Berawal pada Hari Rabu dia berpamitan untuk mengairi sawahnya Suli. Keesokan harinya, pada Hari Kamis juga berpamitan hendak mengairi sawahnya Pak kiai di wilayah setempat.

Hari berikutnya, Jumat 27 September 2019 sekira pukul 14.00 suaminya berpamitan hendak mengairi sawah lagi. Entah kenapa baru sampai dihalaman tiba-tiba Handphone suami berbunyi dan tak lain dari Suli yang hendak mengairi sawahnya lagi.

“Saya berangkat dulu ia, tiba-tiba Handponnya bunyi setelah diangkat ternya Suli, dia minta mengairi sawahnya lagi. Padahal baru kemarin sawahnya diberi air. Tapi oleh suami saya tidak diperbolehkan, karena masih banyak sawah orang lain yang kering,” tiru Ahyana, Kamis (23/7/2020) dirumahnya.

Lanjut cerita Ahyana, Setelah itu Pak Ita (suami red) dilaporkan kepolisi oleh Suli. Ia langsung menjalani tiga kali pemeriksaan di Polsek Wonosari. Sebenarnya, kejadian ini pada tahun 2019 lalu.

Sejatinya, Jumat (12 Juni 2020) Pak ita dipanggil lagi oleh polisi dan hari itu juga langsung tidak ada pulang ke rumah. Bagai petir di siang bolong, setelah mendapat kabar dari menantu jika Pak Ita sudah ditahan di Lapas IIB Bondowoso.

Kuat dugaan berkas Pak Ita sudah lengkap dan dilimpahkan kepada Kejaksaan Negeri (Kejari) Bondowoso. Hingga kini Pak Ita sudah menjadi terdakwa dan sudah tiga kali menjalani persidangan di Pengadilan Negeri Bondowoso.

“Setelah itu tidak pulang lagi, sebelumnya dari kepolisian tidak ada pemberitahuan kalau suami saya mau ditahan. Karena sebelumnya hanya wajib lapor di kepolisian,” ungkapnya.

Berita sebelumnya, Eko Saputro SH, Kuasa Hukum (Pengacara) dari pelapor Alun TS, mengatakan perkembangan perkara kasus Sekda Syaifullah yang sudah menjadi tersangka atas dugaan tindak pidana oleh kepolisian.

Menurutnya, dia dengan sengaja dan tanpa hak mengirimkan informasi elektronik yang berisi ancaman kekerasan atau menakut-nakuti pelapor.
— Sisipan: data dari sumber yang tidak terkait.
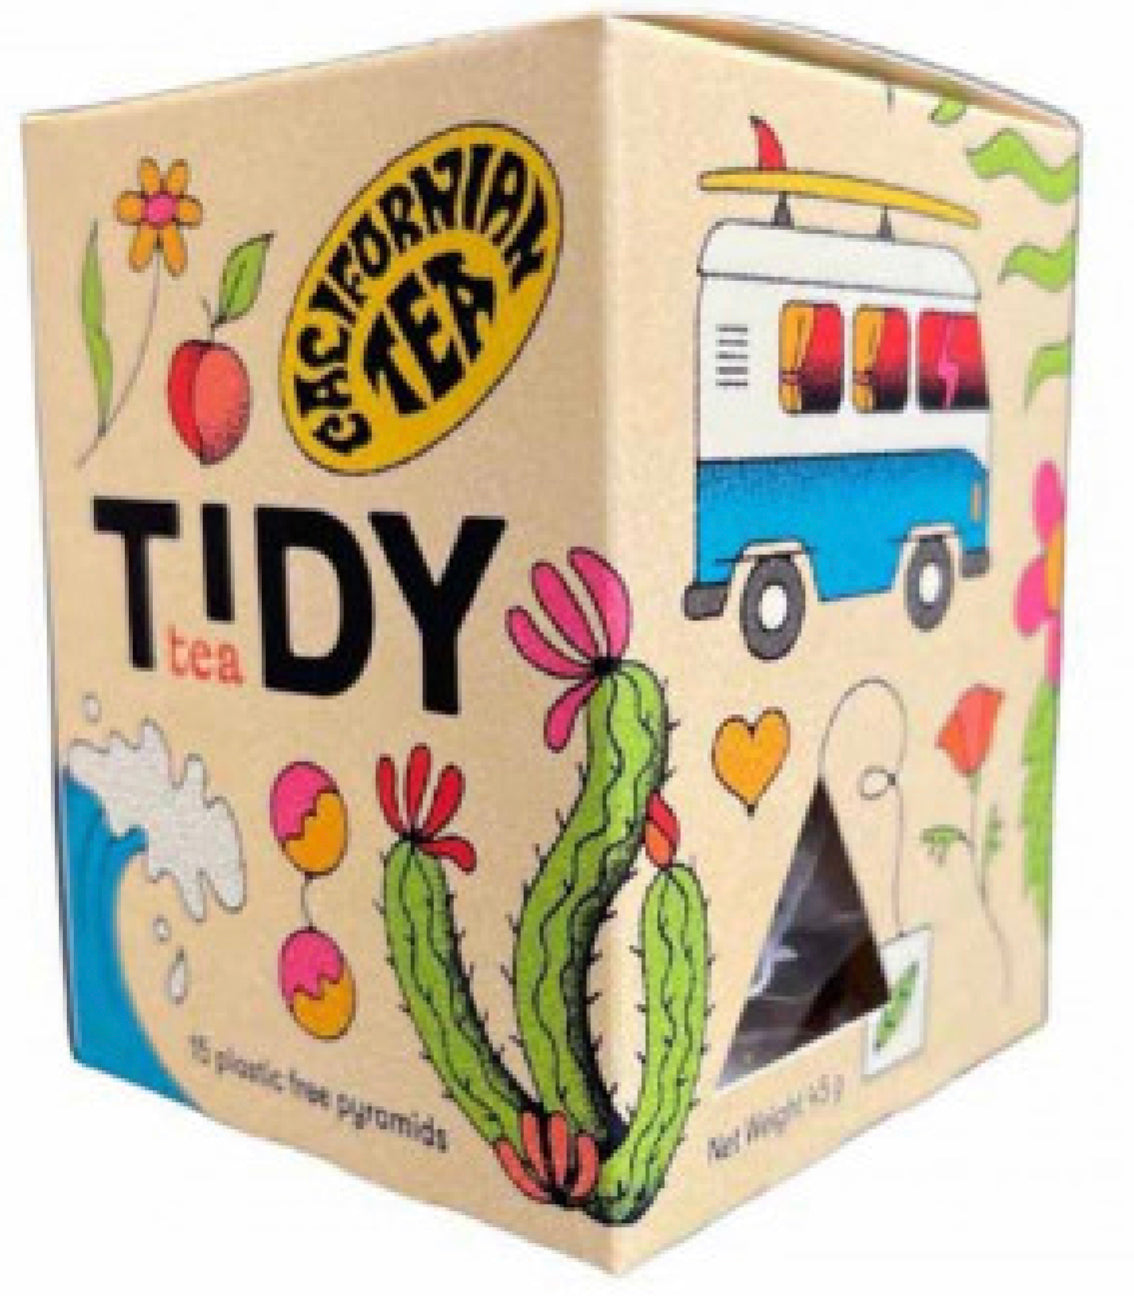 Tidy Tea - Black tea & Peach -  15 sachets - plastic free pyramids - 45g

Sehingga diduga kuat sudah melawan hukum karena memaksa orang lain supaya melakukan/tidak melakukan atau membiarkan sesuatu.

Kendati demikian, dengan memakai kekerasan atau ancaman kekerasan sebagaimana dimaksud pasal 45 B UU No. 19/2016 tentang perubahan atas UU No 11/2008 tentang Informasi dan Transaksi Elektronik jo Pasal 335 KUHP.
“Menurut informasi yang saya terima bahwa hasil penyidikan dari penyidik sudah dinyatakan lengkap oleh Penuntut Umum,” ungkap Eko Saputro.

Lebih lanjut Eko, bahwa ini artinya penyidik harus segera menyerahkan/melimpahkan tersangka berikut berkas dan barang buktinya kepada penuntut umum.

Kemudian penuntut umum kata dia, membuat surat dakwaan dan melimpahkan ke pengadilan negeri untuk disidangkan menurut ketentuan pasal 139 – 140 KUHAP.

“Selanjutnya, menjadi kewenangan kejaksaan apakah terhadap tersangka akan dilakukan penahanan atau tidak, karena pasal yang disangkakan bisa dilakukan penahanan,” pungkasnya.